Episode 1: Minimizing risks in code deployment
When code is pressured to be delivered faster, it goes hand-in-hand with an increased number of stressors and bugs. Every deployment comes with a certain amount of risk – but is this risk always something that should be feared?
In this discussion, our panelists – William Hill (Senior Software Engineer at New Relic), Dawn Parzych (Developer Advocate at LaunchDarkly), and Jackie Balzer (Senior Engineering Manager at Spotify) – and moderator – Stevi Deter (Senior Software Engineer at Providence Digital Innovation Group) – considered how to think about risk and reward when deploying code.

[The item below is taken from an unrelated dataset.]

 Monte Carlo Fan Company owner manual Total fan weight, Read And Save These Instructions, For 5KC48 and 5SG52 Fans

They explored the following topics:
- What engineers can do immediately to minimize risks in deployment;
- How to learn from mistakes;
- How to minimize risk without becoming risk-averse;
- Effective tools and exercised that can be used to prepare for failure and have lead to risk minimization;
- Non-technical risks that need to be minimized.
Episode 2: How to unify speed and quality in software engineering
In this article, Mike San Román raises the notion that speed and quality do not have to be opposing forces if engineering leaders focus on exercising ‘a single-gear work mode’. Mike examines the issues that arise from viewing speed and quality as two separate entities, and champions the method of inverting the process to try and solve them. He states, ‘So, instead of creating a task in your backlog to deal with that technical debt, think about how that technical debt is impacting the tasks of your backlog. Use the tasks, bugs, and features that are going to require work on those parts of the codebase to kick off a refactor before you work on the task.’

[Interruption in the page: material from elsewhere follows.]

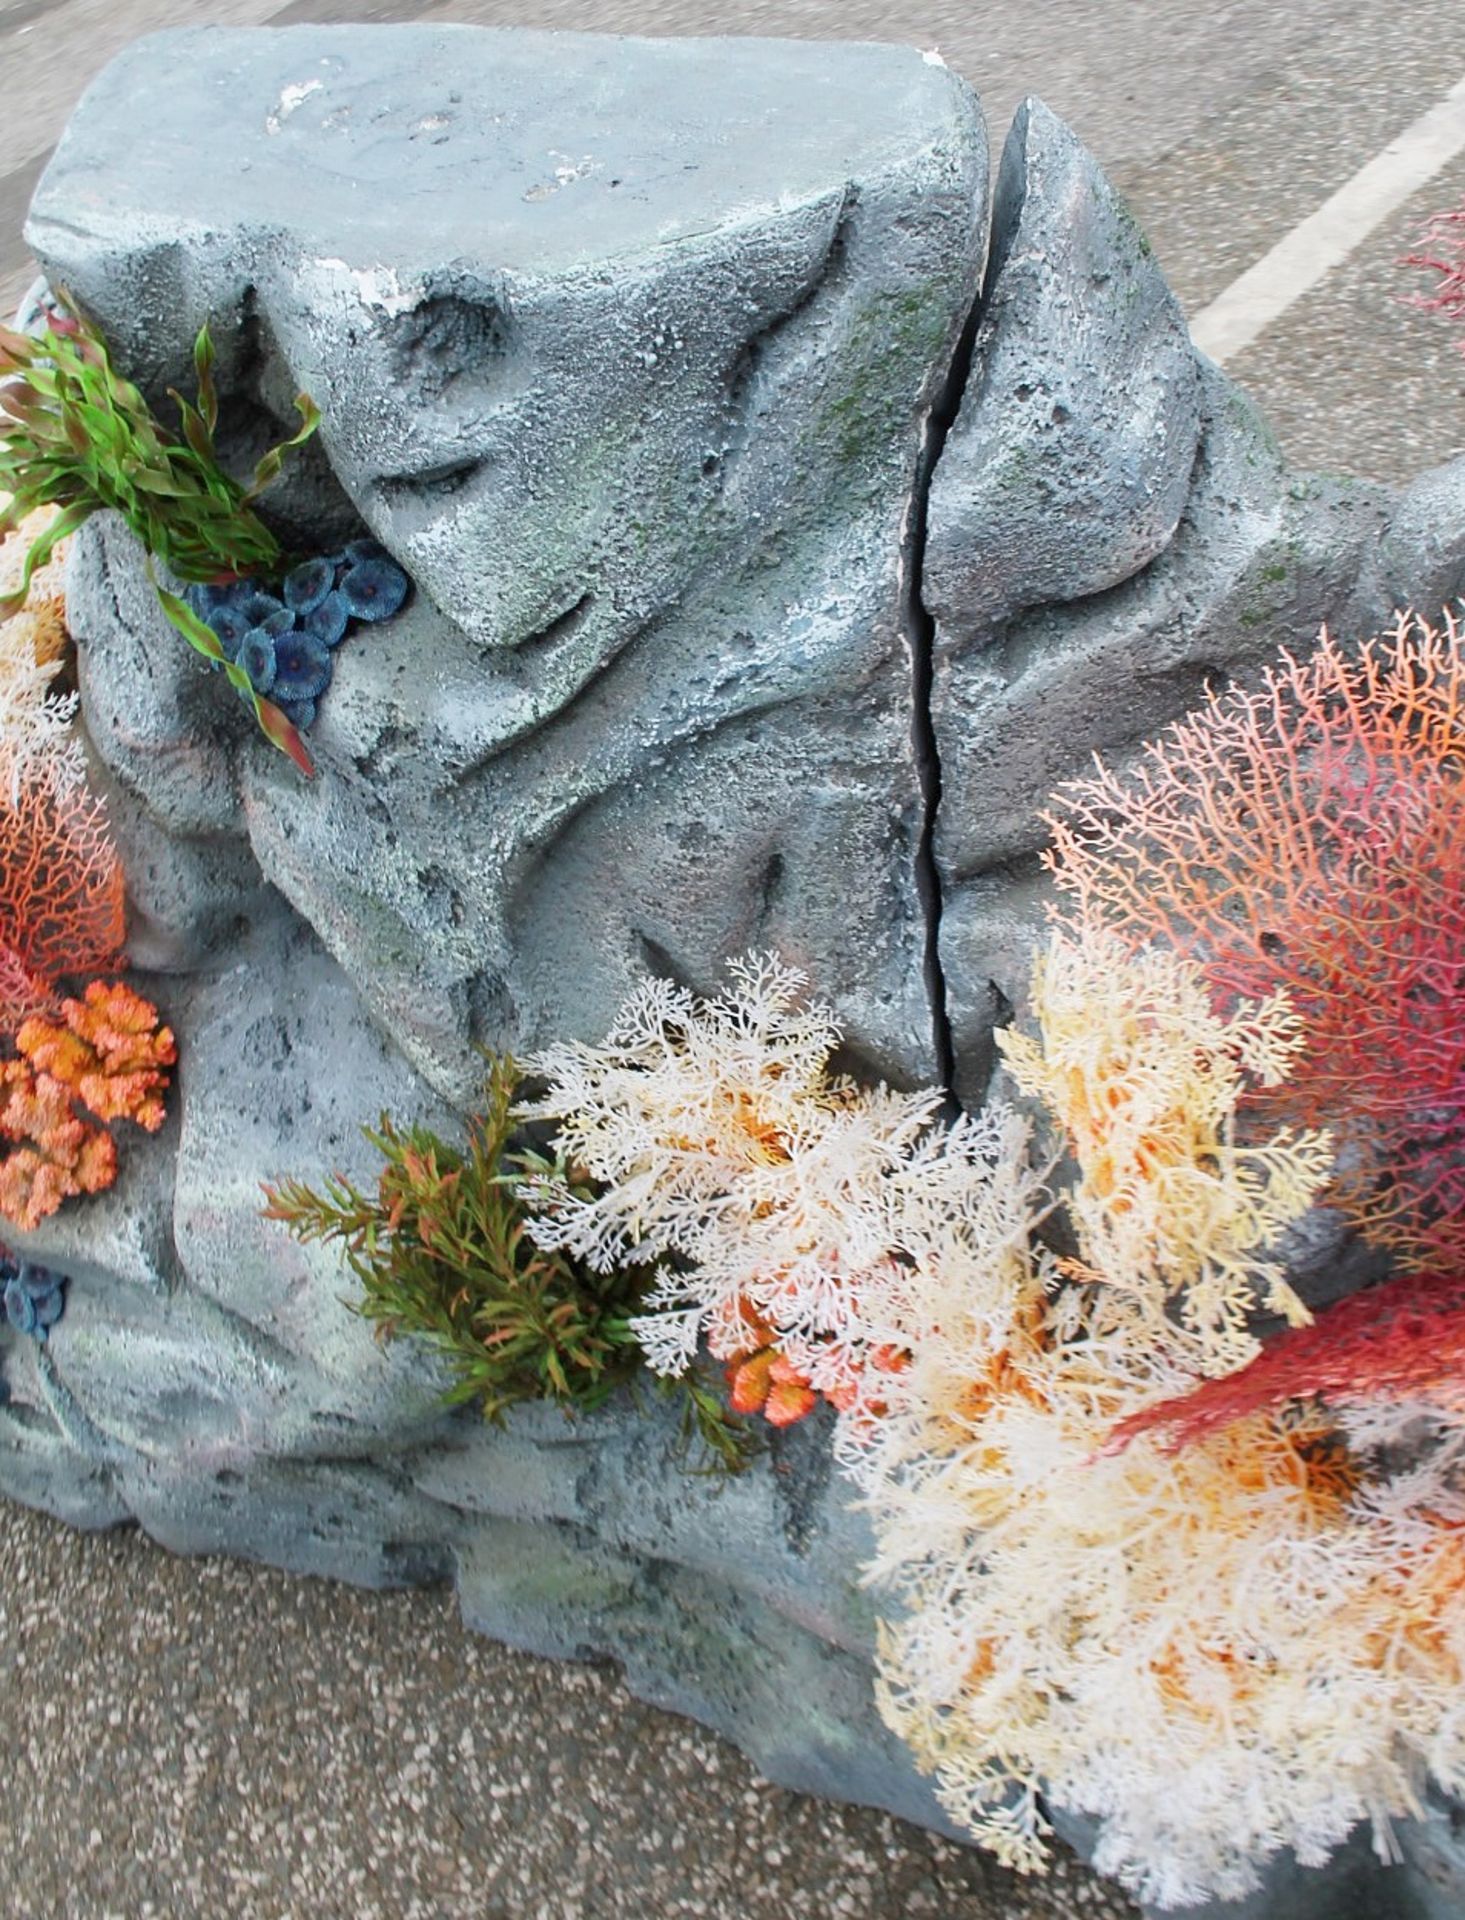 1 x Bespoke Coral Reef Shop Display / Theatre Stage Prop - 2.8 Metres Long - Recently Removed From A - Image 6 of 9

By identifying the underlying issues that a two-gear way of working creates, and implementing the methods discussed in this article, Mike believes that all engineering leaders can reach a point where speed and quality are no longer at odds.
Episode 3: Feature management: a low-risk way to deliver software faster
Matt DeLaney focuses on speed in this article, assessing how organizations can stay ahead of the curve while feeling safe to do so. He looks at the phenomenal statistics regarding ‘elite performers’ in engineering, asking how they are able to ‘deploy 208x more frequently than lower performers’ and ‘recover from incidents 2,604x faster’.
Matt answers with one reason among many: feature management. Diving into this tool, he explains its use of feature flags and the benefits that enable it ‘the ability to deploy features without exposing them to users’. This, ‘paired with the ability to reverse course as soon as an error occurs, give teams the confidence to increase their velocity.’
Matt explains that feature management allows teams stuck in a waterfall cycle to safely move forward to continuous delivery: essential in today’s fast-moving industry.
Episode 4: Achieving speed and quality without sacrifice in engineering
The theme of uniting speed and quality continues in this article written by Reuben Sutton. Reuben explains that to achieve both, ‘you need to take an approach where you combine curiosity (to find the root causes of issues) with focus (to drive improvements in the systems)’.
Reuben explores why engineering leaders have been led to believe the trade-off between speed and quality for so long, and why, in fact, they are inseparable. Learning from failures, building quality into the process, and alignment on prioritization are all methods Reuben assesses to guide the reader towards achieving unity between the two forces, without giving up essential processes along the way.
A final takeaway
By changing their perspective, and in some cases turning it on its head, engineering leaders can begin to unite the traditionally opposing forces of speed and quality.
As Matt DeLaney says, ‘Those who continue to permit long, drawn-out development cycles will doubtless struggle to compete.’ Achieving high-quality continuous delivery can seem like a daunting task for many leads, but through reflection, preparation, and prioritization, it is possible for engineering teams to keep up with competitors: maintaining a high speed of delivery without compromising the quality of their code.